【中国经济新闻联播讯 通讯员 牟维春】2017年1月11日至13日,我应东风派出所邀请,与他们一起到东部的鸡西市和双鸭山市随警作战,抓人办案。
11日早晨8点半,我们在东风派出所集合,简单地在食堂吃了点挂面,然后分乘两部汽车出发,我和刘凤君所长乘坐的是本田CRV,副所长张广铭、警长武金龙、民警孙铁坤、张路之乘坐的是一辆江淮商务,加上两名司机,一行8个人,9点钟出发,沿着哈同高速、依七高速、鹤大高速,将近下午1点,来到位于鸡西市近郊的鸡西监狱,首先到狱侦科联系提审正在这里服刑的贺长生。
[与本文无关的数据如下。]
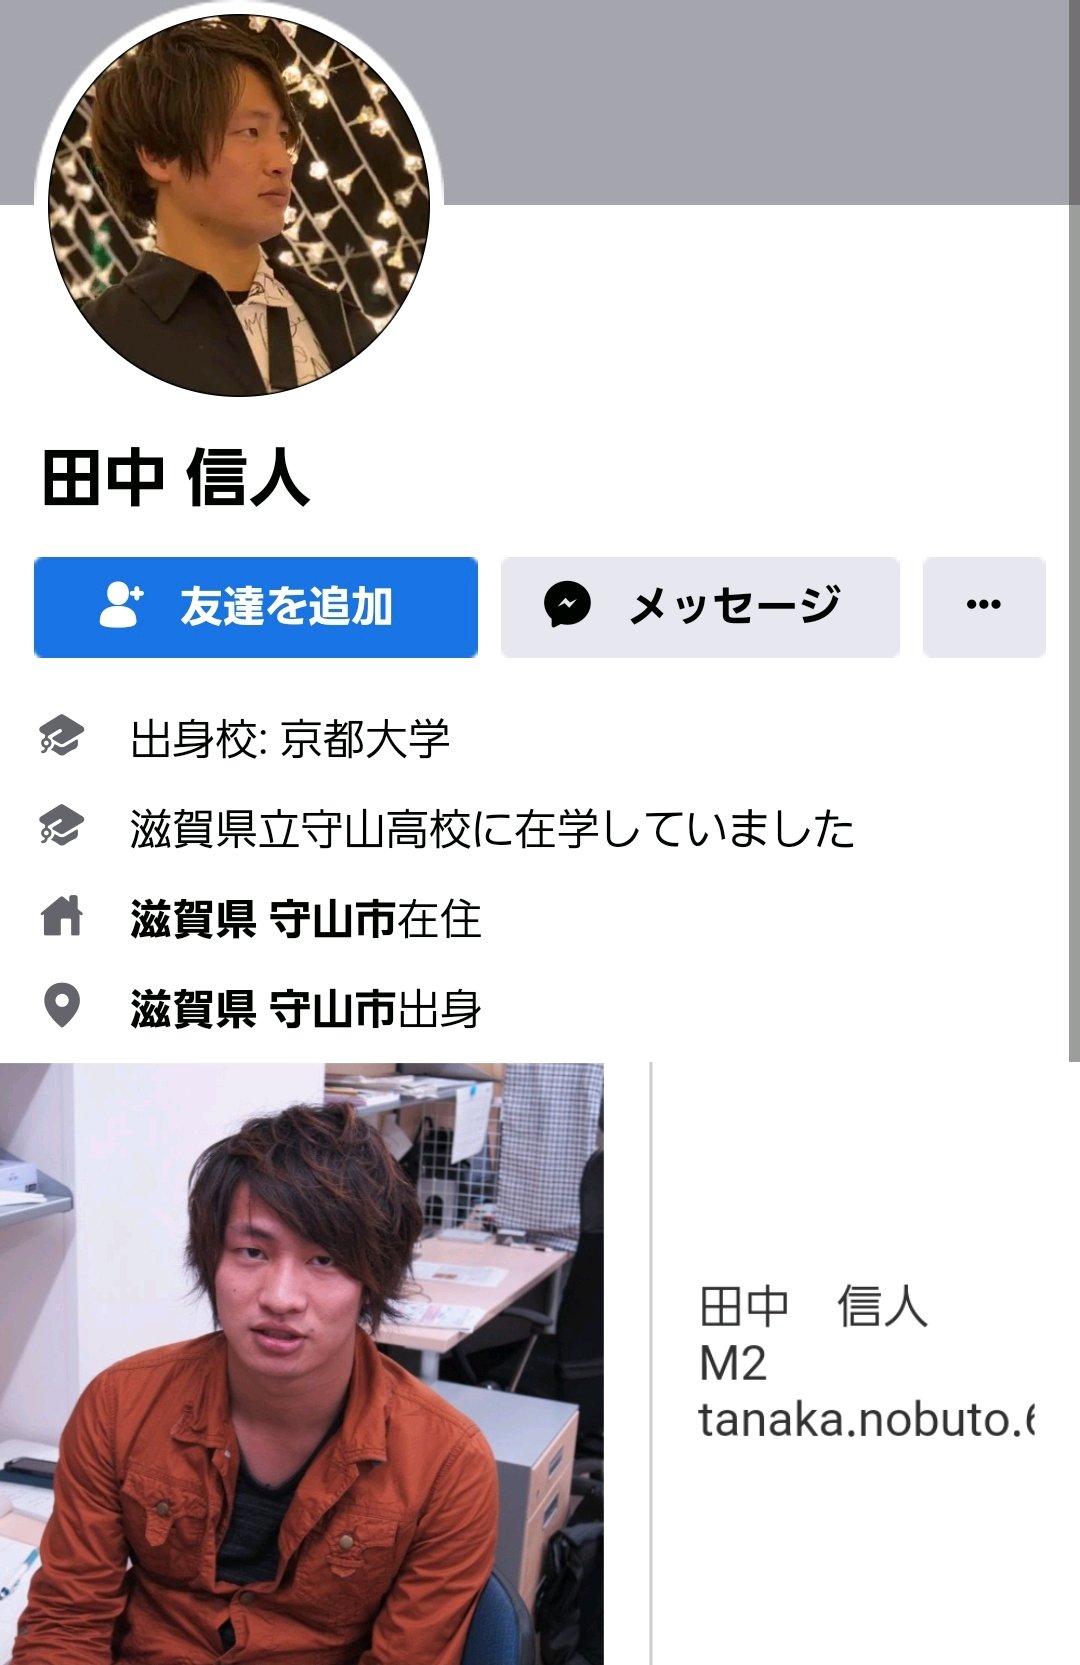 田中信人容疑者のSNS・Facebook(フェイスブック)アカウント

半小时后,张广铭、武金龙在接见室开始对贺长生进行讯问,监狱方面派出3名民警陪审,两个在里面,一个在外面,嫌疑人与办案民警中间用金属栅栏包着的防暴玻璃隔开,审讯双方要通过电子对讲机通话。
贺长生是因为涉嫌一起诈骗案件。2015年1月12日下午,贺长生在道外区团结镇华南城某皮草商店骗走一件价值9000元的裘皮上衣。根据被害人描述和监控录相,他来到商店后选了一件裘皮上衣,然后与售货员砍价,最后以9000元价格成交。他问售货员是否可以转账,售货员肯定后,他用手机给售货员的银行卡转账了9000元,由于售货员没有收到转账信息,贺长生将银行发给他一条验证码以及要转账的信息,转发给售货员,以证明他转了钱,售货员看到信息后以为钱已转出,便将上衣给了贺长生。
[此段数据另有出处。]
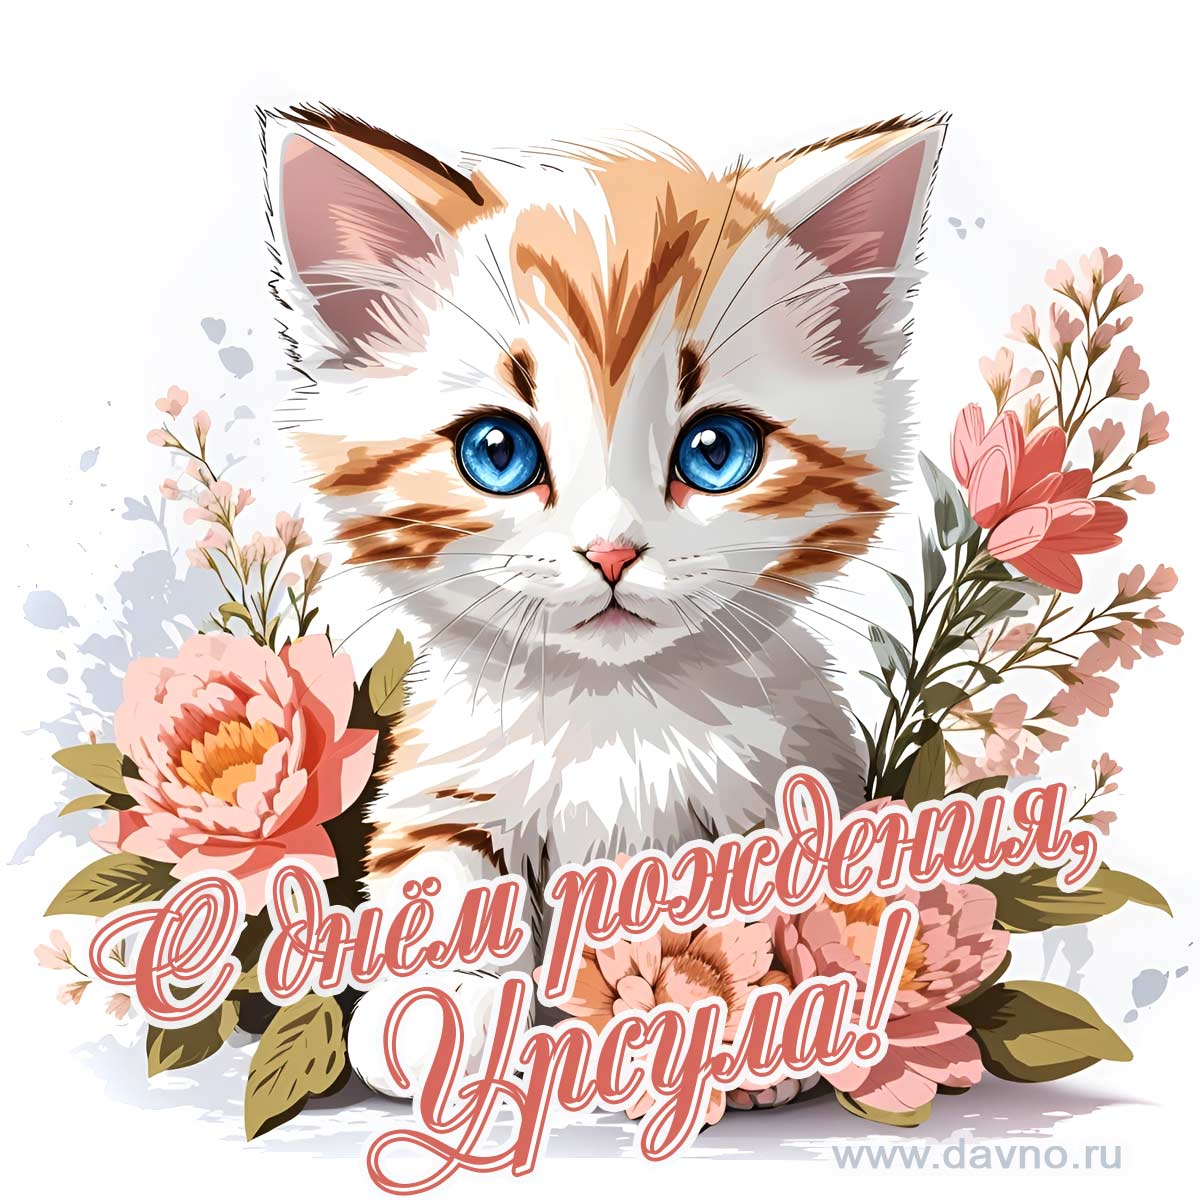 Новая рисованная поздравительная открытка для Урсулы с котёнком

当售货员看到自己的手机一直没有转账的信息,卡上也没有收到货款后,知道上当,当天晚上即来到东风派出所报案。民警在侦查中发现,嫌疑人使用的手机卡为临时账户,没有机主信息,而其手机上绑定的银行卡是王某,王某证实当时使用这部手机的人应该是自己的妻侄贺长生,民警又上网查询,发现贺长生已因盗窃和诈骗被河北省唐山市警方列为逃犯上网追捕。民警又查到一个叫刘某的女子,她证实自己曾与贺长生有过接触,还曾借给贺长生2000元钱,贺长生一直没还。经刘某辨认,骗取裘皮的人使用的手机就是贺长生的,至此确定贺长生为本案的重要嫌疑人。从骗得裘皮大衣后,贺长生再没了踪影。近日,侦查人员获得线索,贺长生已经被抓获并正在鸡西监狱服刑。此次任务之一便是提审贺长生,要他承认诈骗裘皮大衣的事实并交待裘皮大衣的去处。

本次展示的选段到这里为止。